Nordzypern wählt ein neues Parlament
Am kommenden Sonntag (19. April) wählt die Türkische Republik Nordzypern (TRNZ) ein neues Parlament. Für die Republik Zypern und Griechenland sind es Pseudowahlen. Dennoch erwarten sie das Ergebnis mit Besorgnis, denn die sozialdemokratisch orientierte Regierungspartei Republikanische Türkische Partei (CTP) könnte die Abstimmung verlieren. Sie stützt Mehmet Ali Talat, den gemäßigten Führer der Zyperntürken. Mit dem Präsidenten der Republik Zypern, Dimitris Christofias, verhandelt er über eine Lösung der Zypernfrage, die seit der türkischen Invasion 1974 ungelöst ist.
Umfragen zufolge könnte die CTP auf 27 Prozent schrumpfen, bei den letzten Wahlen erreichte sie noch 44,5 Prozent. Ein Sieg der rechtsgerichteten Partei der Nationalen Einheit (UBP) von Dervis Eroglu zeichnet sich ab. Dessen Anhängerschaft besteht hauptsächlich aus türkischen Siedlern, die nach der Besetzung Nordzyperns durch türkische Truppen 1974 vor allem aus den armen Gebieten Anatoliens auf die Insel kamen. Sie machen die mit Abstand größte Wählergruppe aus.

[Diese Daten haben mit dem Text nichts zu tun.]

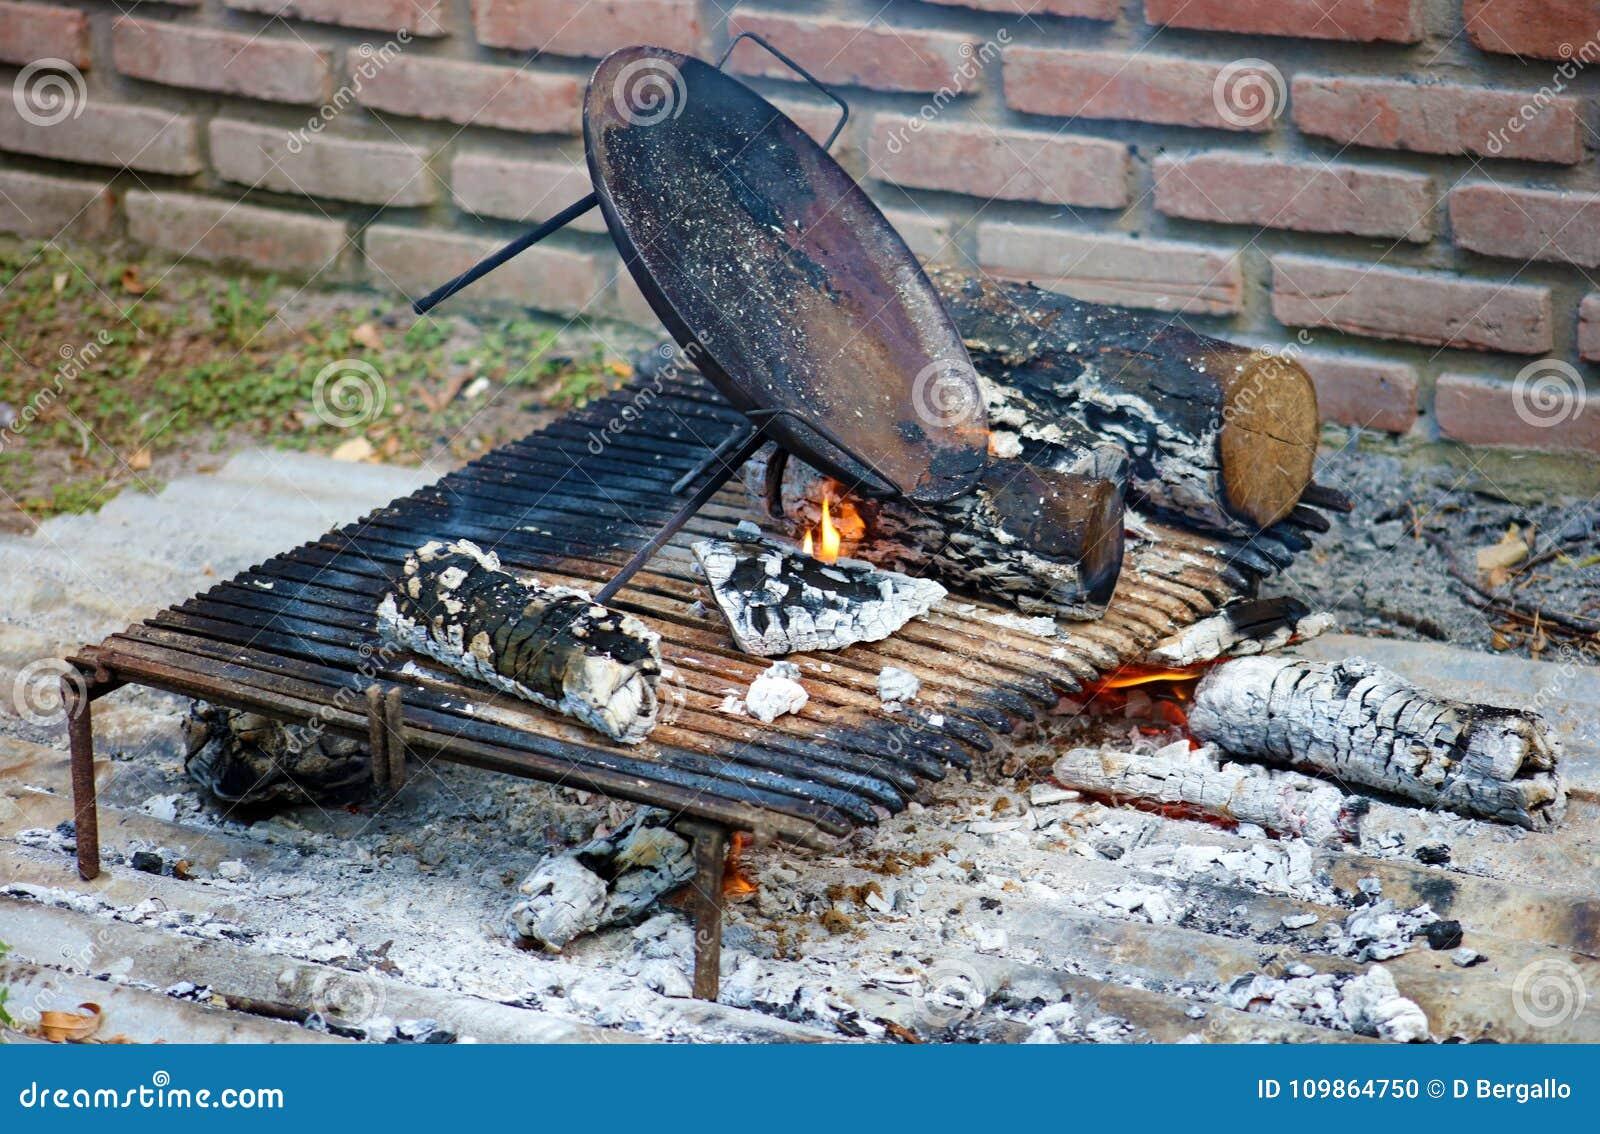 barbecue argentin traditionnel d 39 asado de bbq de tradition de l 39 argentine du br sil argentin. Black Bedroom Furniture Sets. Home Design Ideas

Von den knapp 160.000 Abstimmungsberechtigten sind nur 62.000 türkische Zyprioten. 71 der 350 zur Wahl stehenden Kandidaten sind nach Angaben der nordzypriotischen Presse Siedler aus der Türkei. Die langjährige Kolonisierungspolitik der Türkei hat die türkischen Zyprioten, die seit Jahrhunderten auf der Insel ansässig sind, inzwischen zu einer Minderheit gemacht. Betrug ihre Zahl zum Zeitpunkt der Besatzung 1974 noch 118.000, schrumpfte sie bis 2004 auf 88.000. In der Mehrheit sind inzwischen die türkischen Siedler. Nach offiziellen Angaben aus dem Jahr 2004 sind es 160.000 Einwohner, inoffiziell rechnet man wegen den hohen Geburtenraten und der andauernde Migration aus der Türkei jedoch mit bis zu 300.000 Siedlern in Nordzypern.

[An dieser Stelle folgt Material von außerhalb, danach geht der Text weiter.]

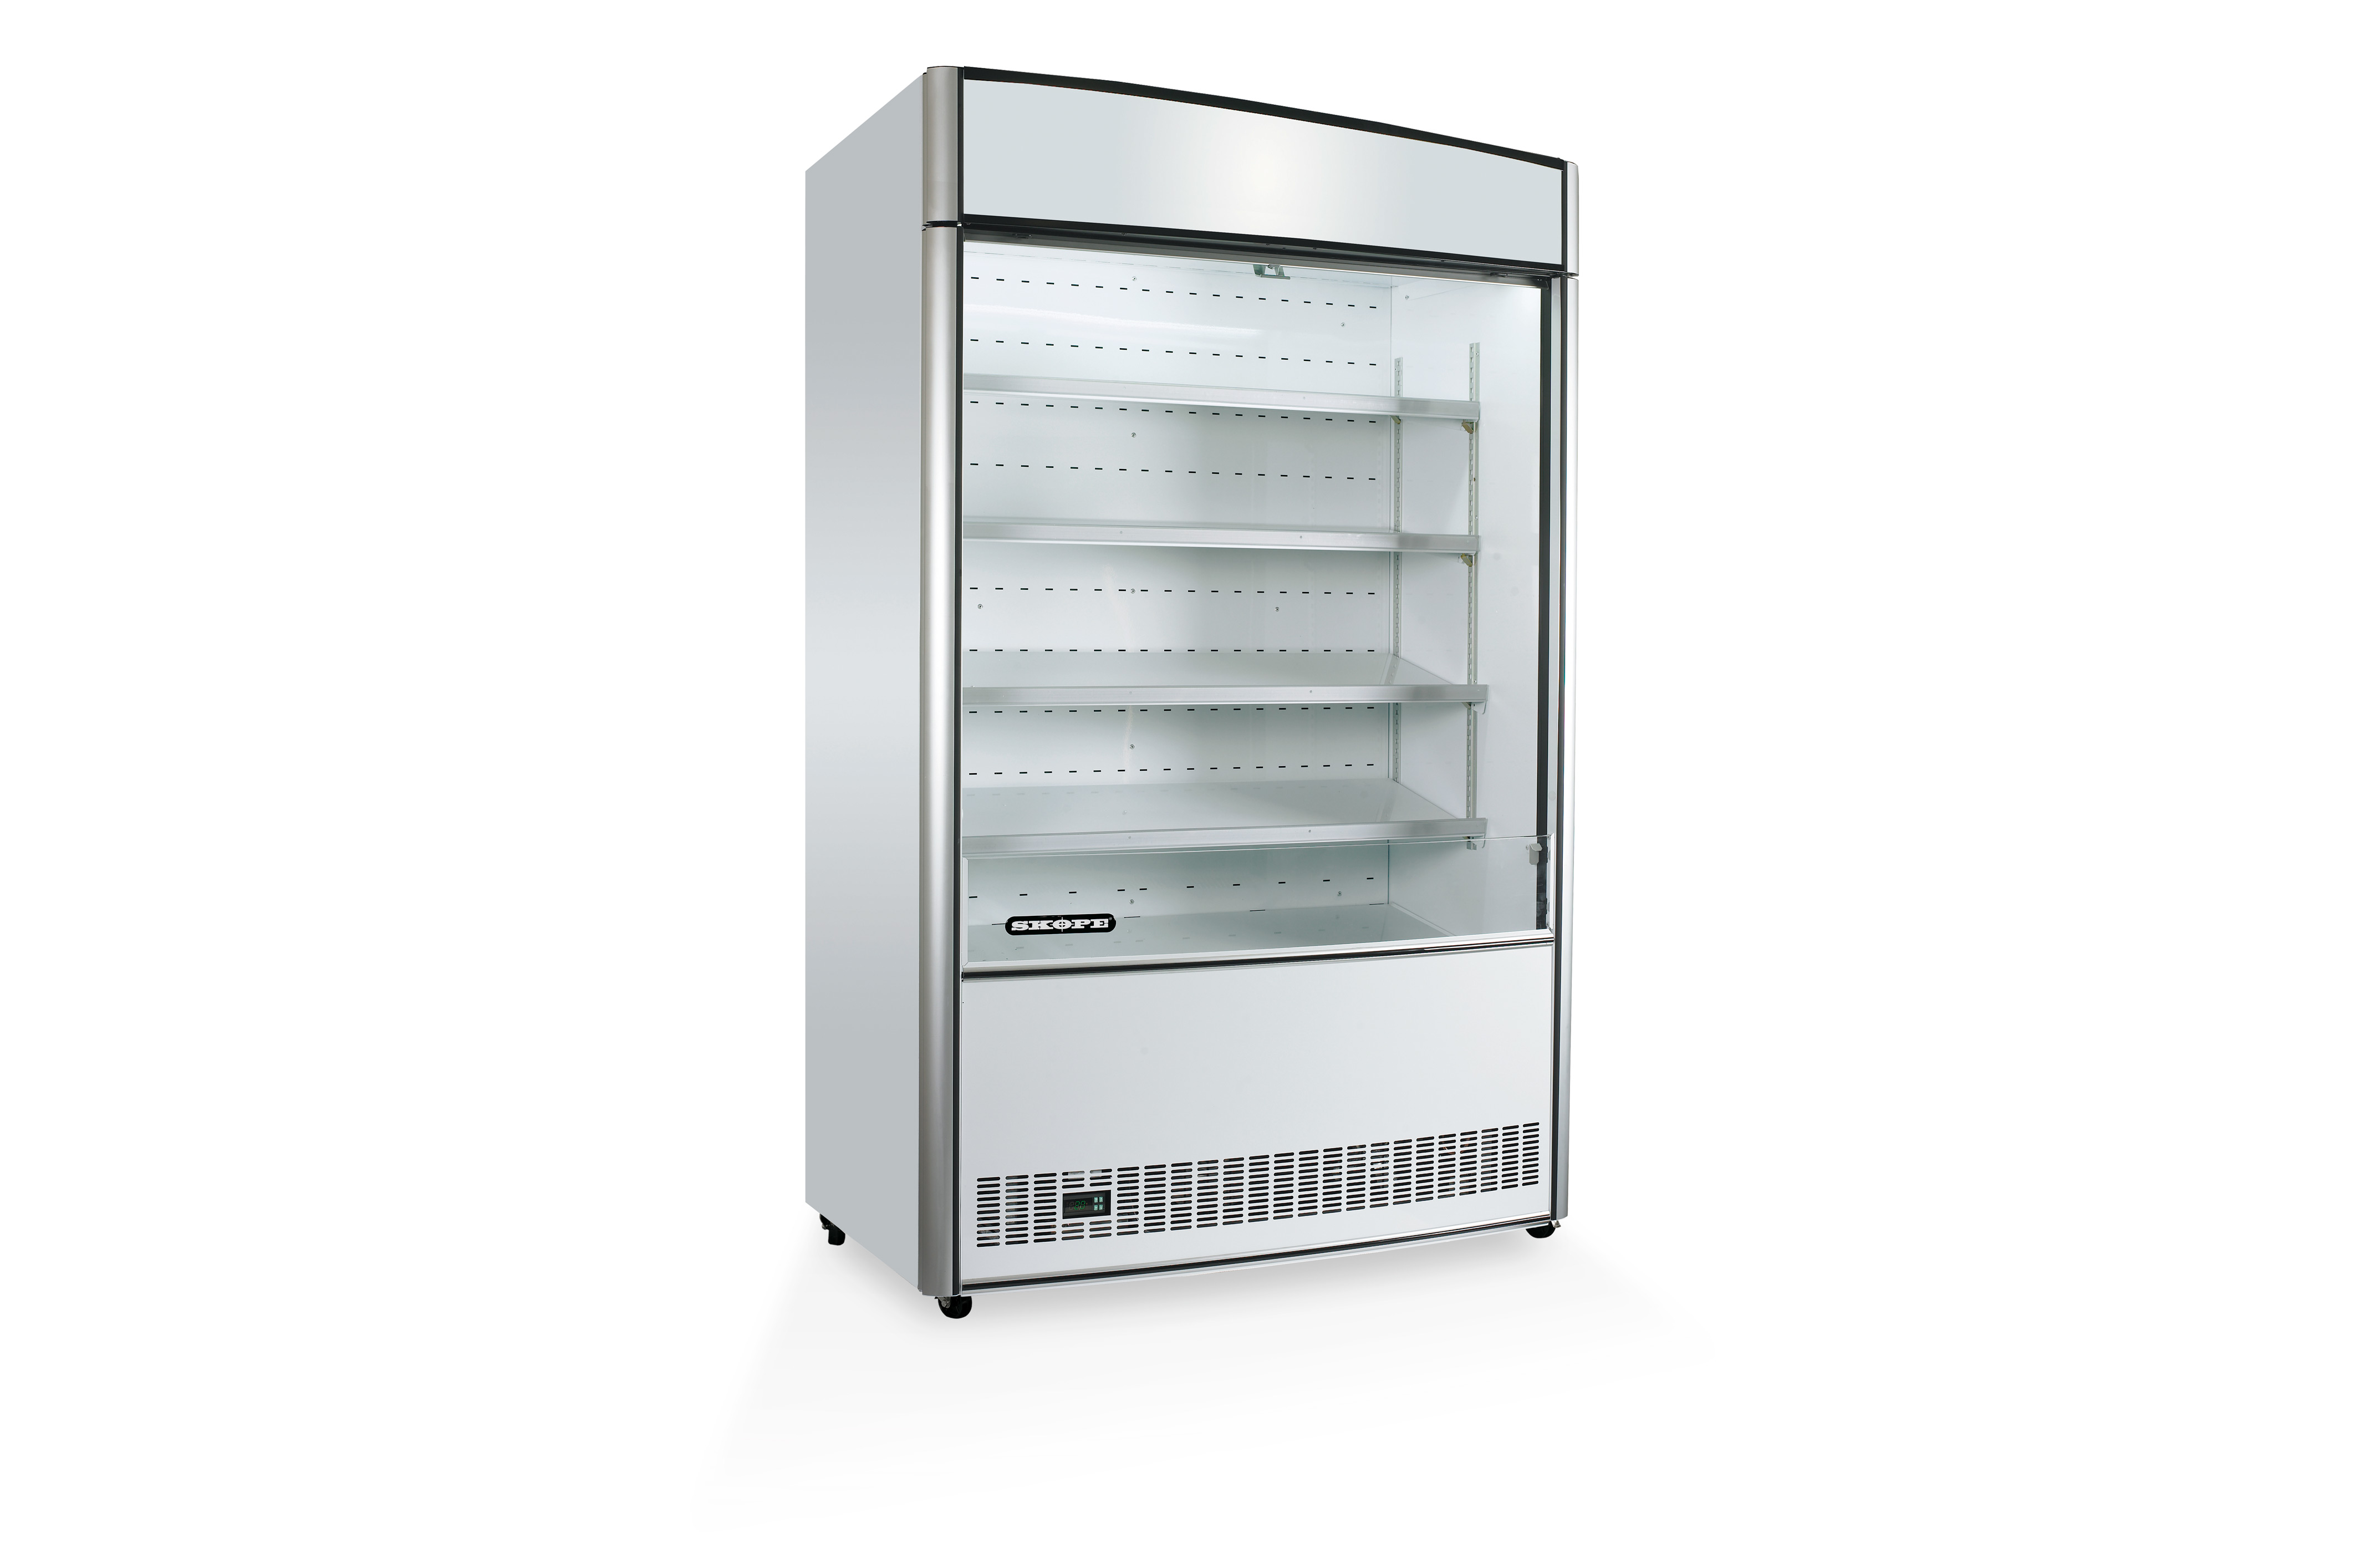 SKOPE Refrigeration

Eine der sieben Parteien, die sich am Sonntag zur Wahl für die 50 Parlamentssitze stellen, überraschte Beobachter mit ihren Forderungen: „Yasemin“ verlangt den sofortigen Abzug der türkischen Armee und die Rückkehr der Siedler in ihre Heimat. Parteigründer ist der Verleger der oppositionellen Tageszeitung Afrika, Sener Levent.
Der türkisch-zypriotische Journalist und Politiker hat sich wiederholt gegen die türkische Kolonisierungspolitik gestellt und die Besatzungsmacht immer wieder hart kritisiert. Wegen seiner Ansichten wurde er in Nordzypern bereits verhaftet, zwei Bombenattentate überlebte er. Auch der Rolle der USA und Großbritaniens im Zypernkonflikt steht Levent kritisch gegenüber. Er lehnt den Annan-Plan ab, der vorsieht, Zypern zu einer Konföderation zweier selbständiger Teilstaaten zu machen. 2004 scheiterte der Plan in einem Referendum, weil die Zyperngriechen ihn ablehnten, während die türkischen Zyprioten im Norden mit Ja stimmten. Levent sieht die einzig mögliche Lösung des Konflikts in der Wiedervereinigung der Insel.